GIVEN ENTRIES >>
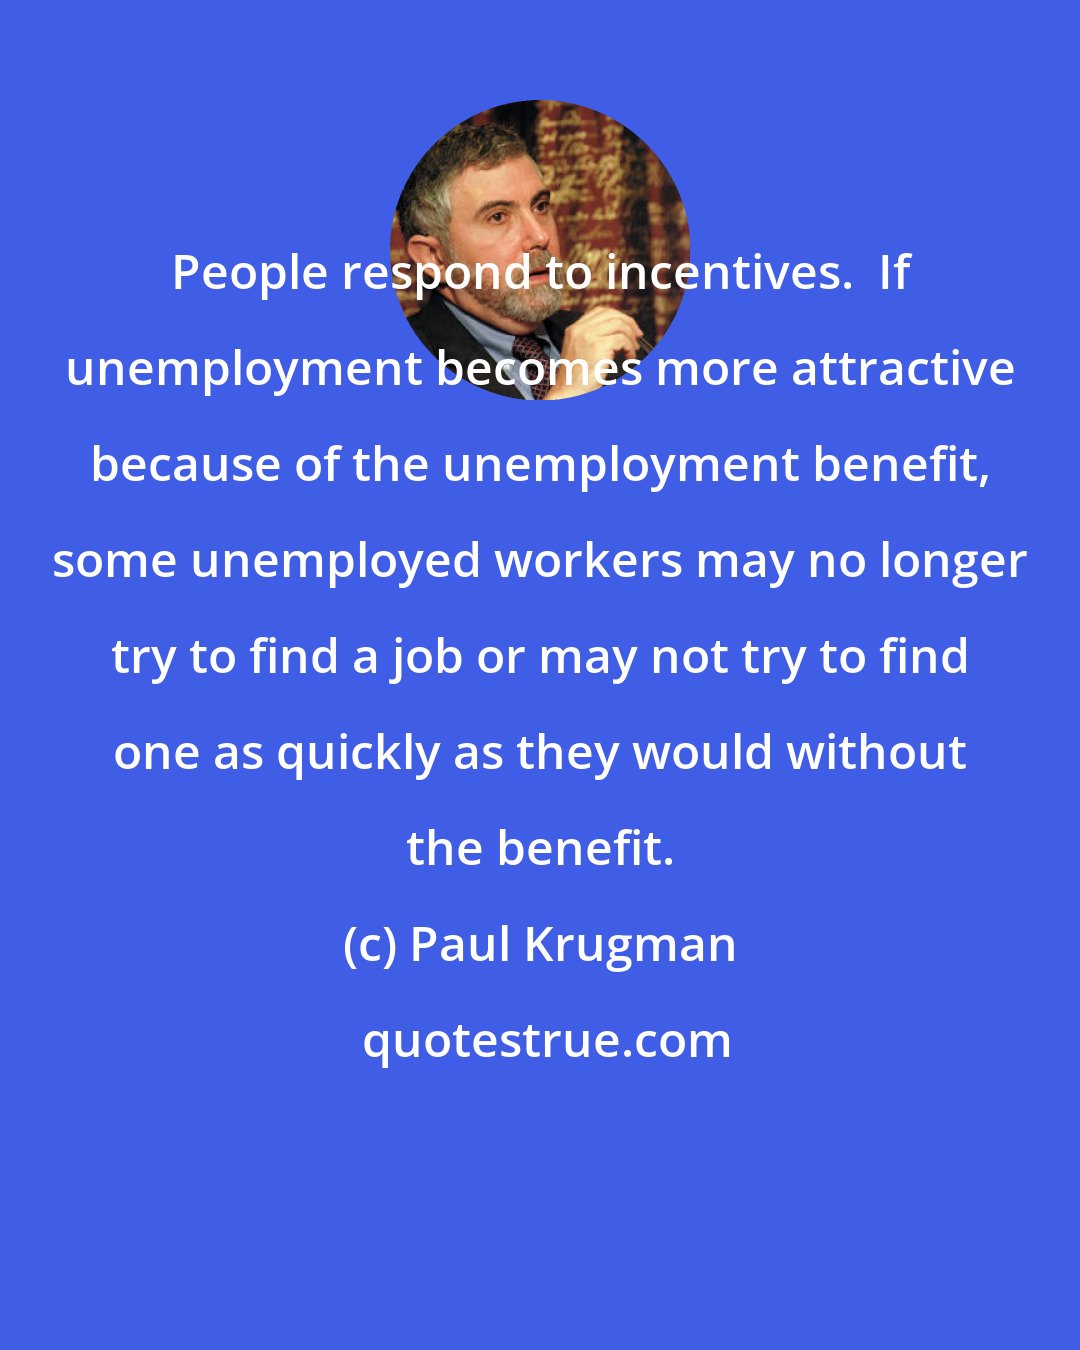 Paul Krugman: People respond to incentives.  If unemployment becomes more attractive because of the unemployment benefit, some unemployed workers may no longer try to find a job or may not try to find one as quickly as they would without the benefit.
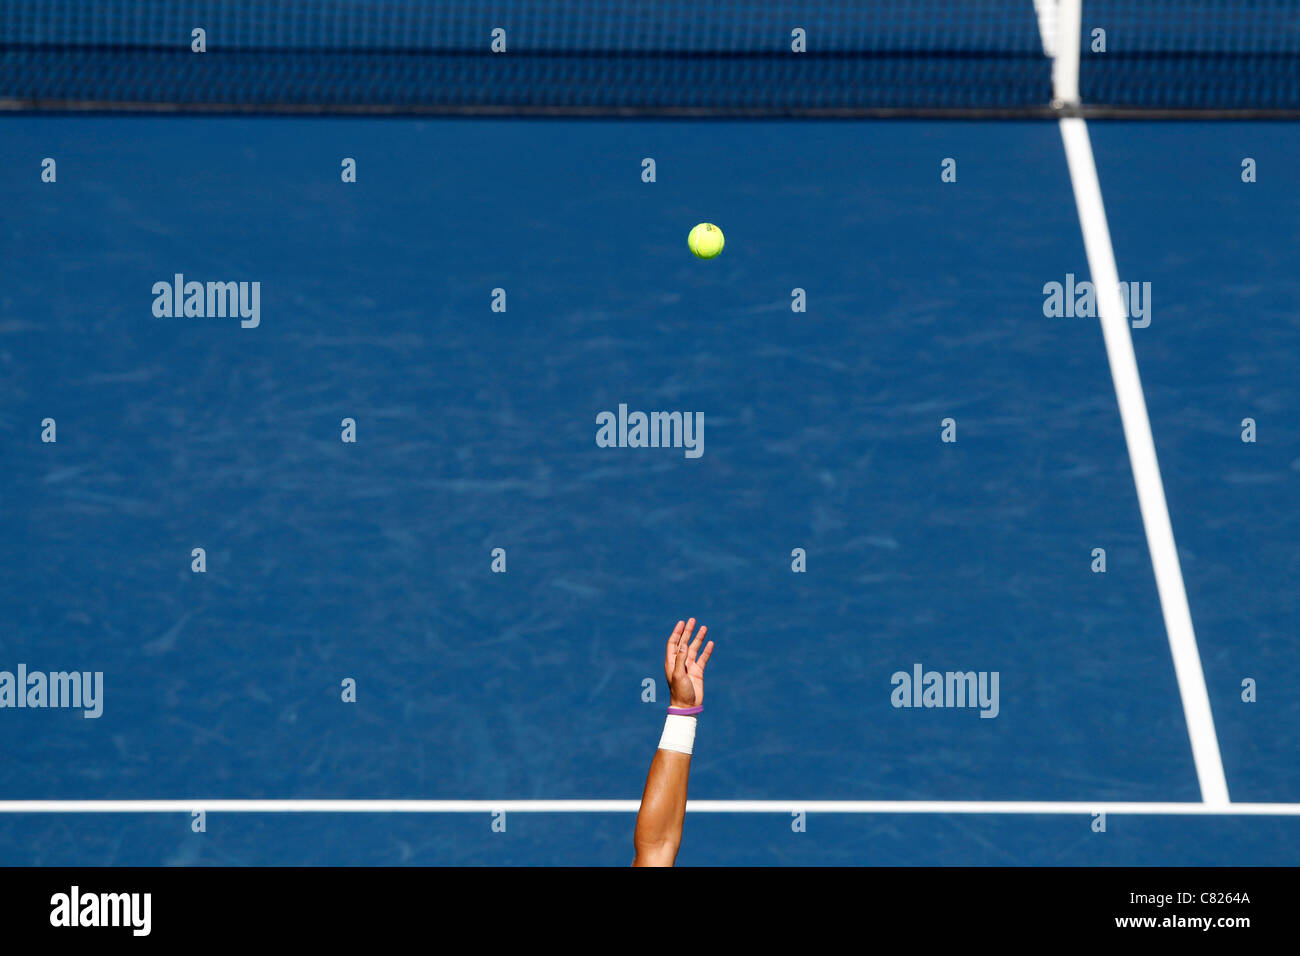 Tennis serve, arm tossing the ball in the air in front of the net at the US Open 2011 tennis tournament Stock Photo
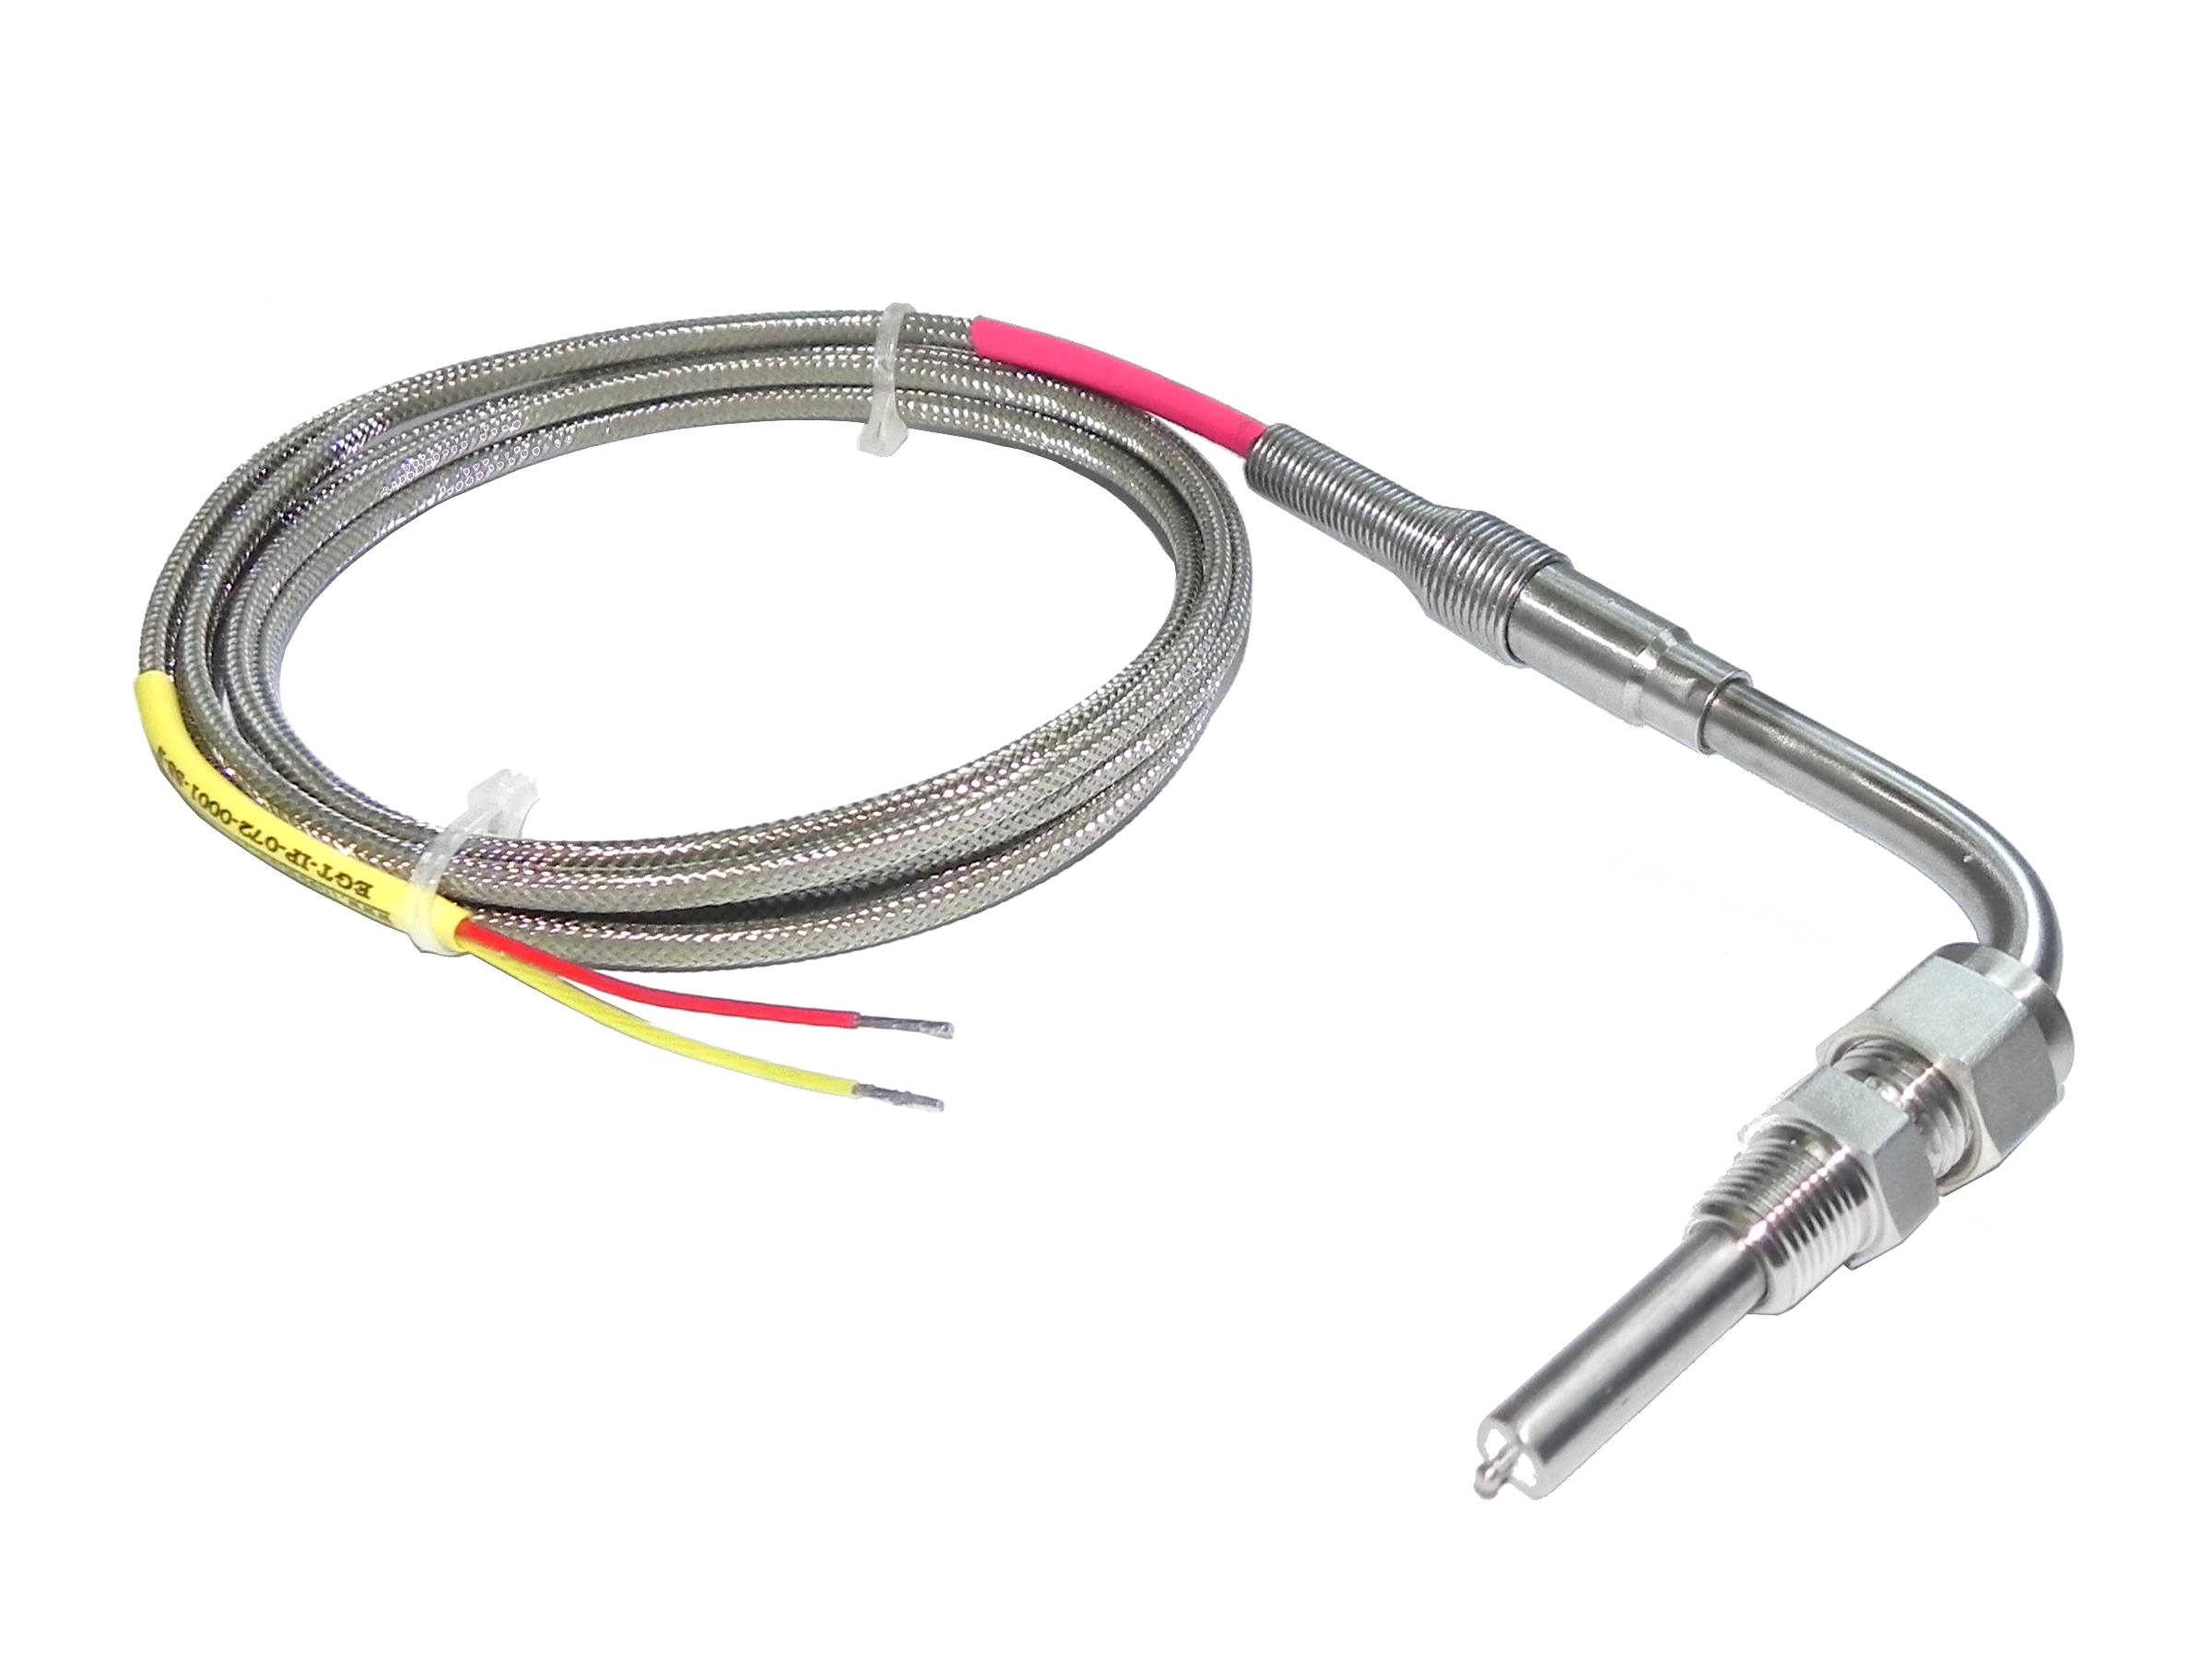 Link G4 Xtreme Wiring Diagram Exhaust Temperature Probe 90 Bend 1 4 O D Link Engine Management
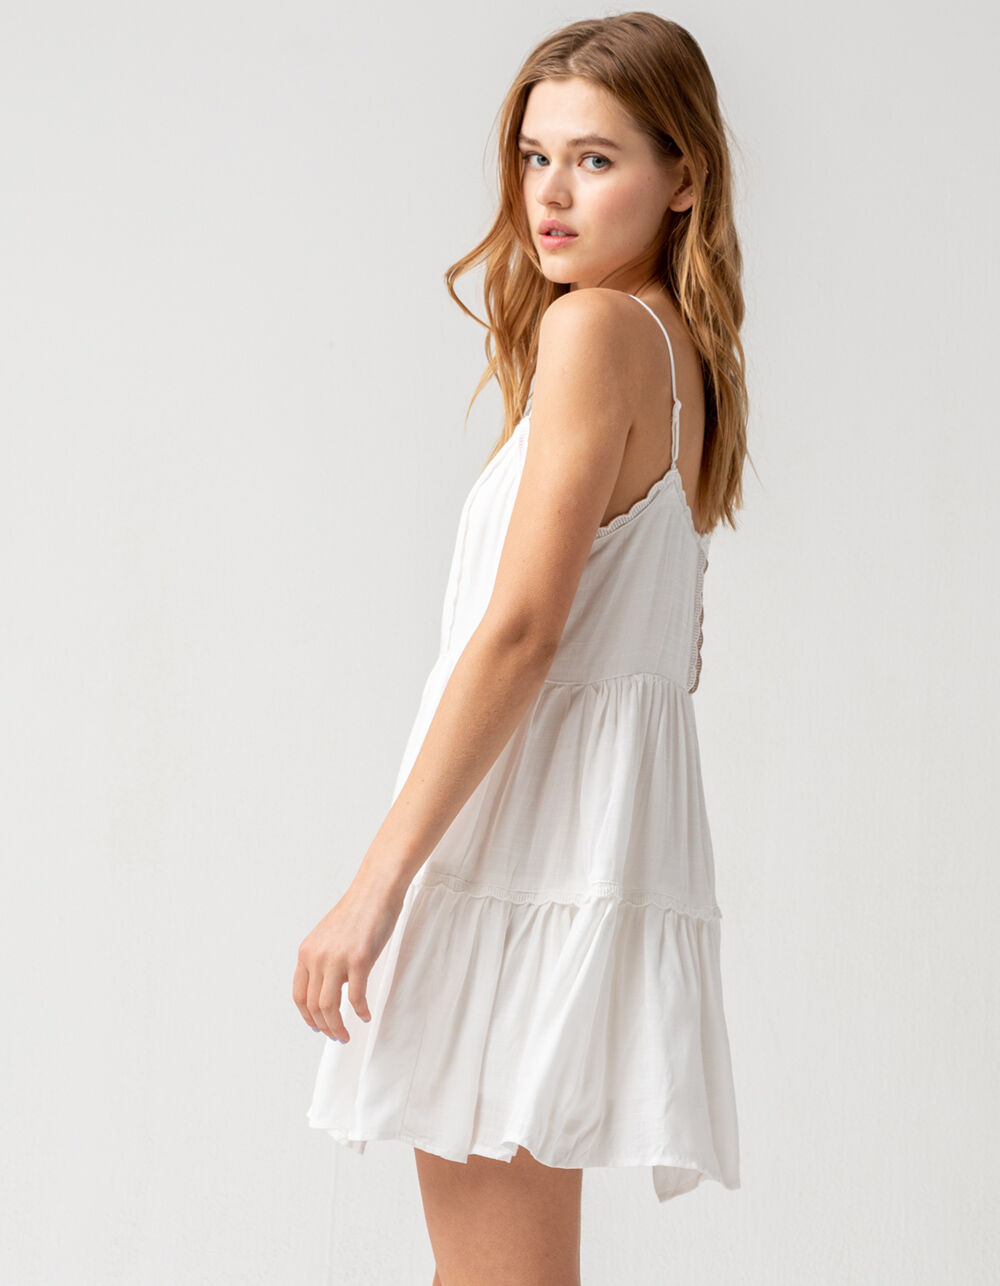 SKY AND SPARROW Solid Babydoll Dress - WHITE | Tillys
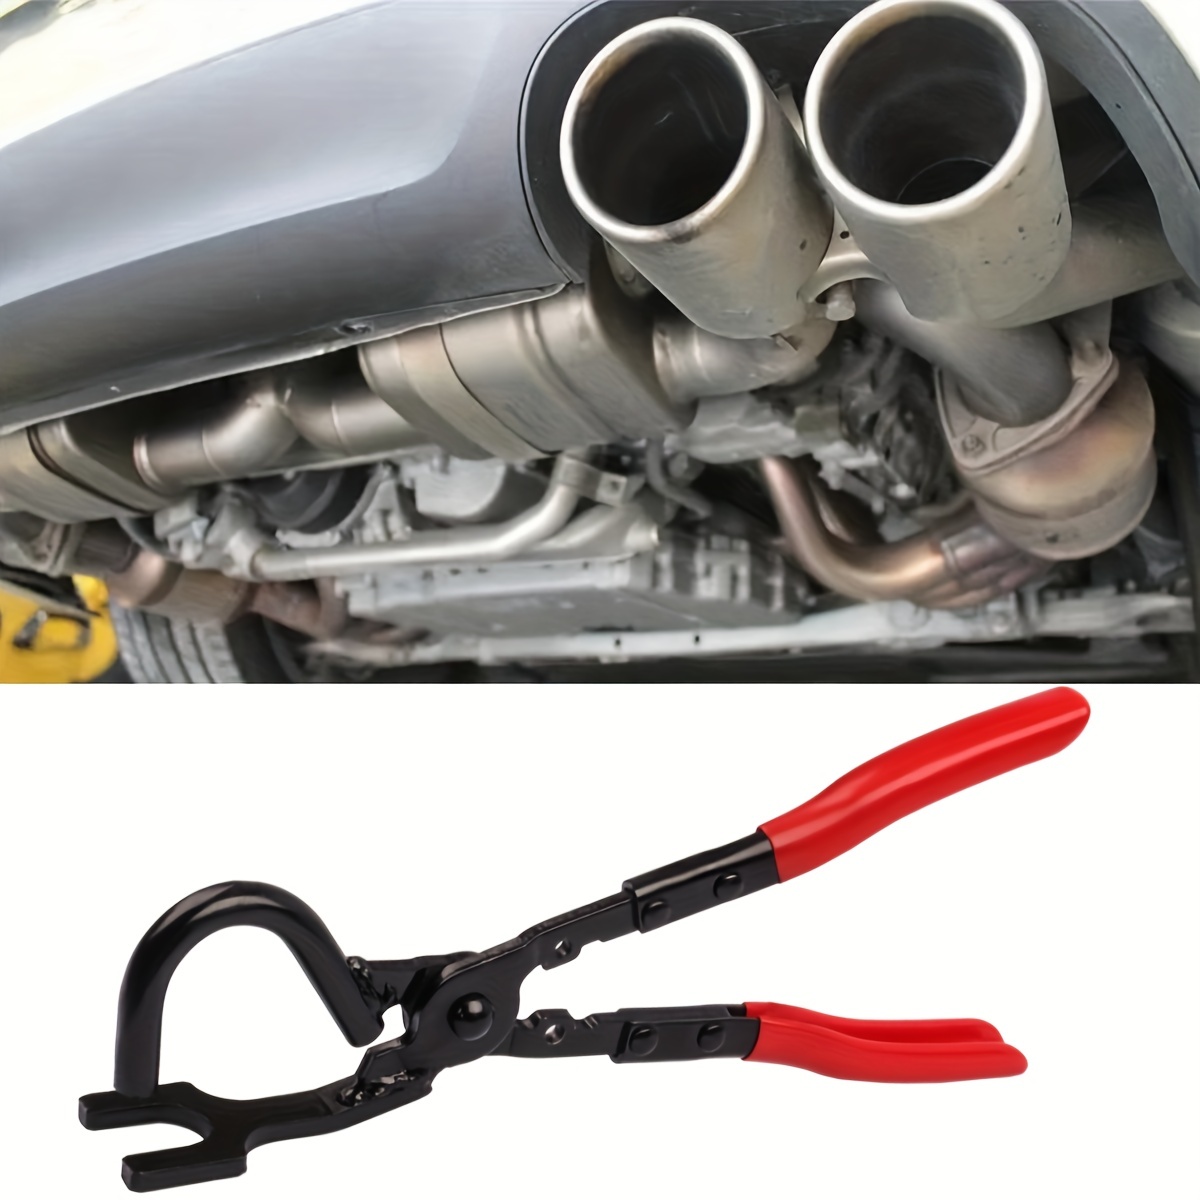 

Car Exhaust Hanger Disassembly Tool - Use All Compatible Pliers To Easily Separate The Exhaust Hanger And Rubber Bracket!

TASK OBJECTIVE >> The preceding entries are to be written out again exactly, with the pictures removed.

TASK RESULT >>
 Paul Krugman: People respond to incentives.  If unemployment becomes more attractive because of the unemployment benefit, some unemployed workers may no longer try to find a job or may not try to find one as quickly as they would without the benefit.
 Tennis serve, arm tossing the ball in the air in front of the net at the US Open 2011 tennis tournament Stock Photo
 Link G4 Xtreme Wiring Diagram Exhaust Temperature Probe 90 Bend 1 4 O D Link Engine Management
 SKY AND SPARROW Solid Babydoll Dress - WHITE | Tillys

Car Exhaust Hanger Disassembly Tool - Use All Compatible Pliers To Easily Separate The Exhaust Hanger And Rubber Bracket!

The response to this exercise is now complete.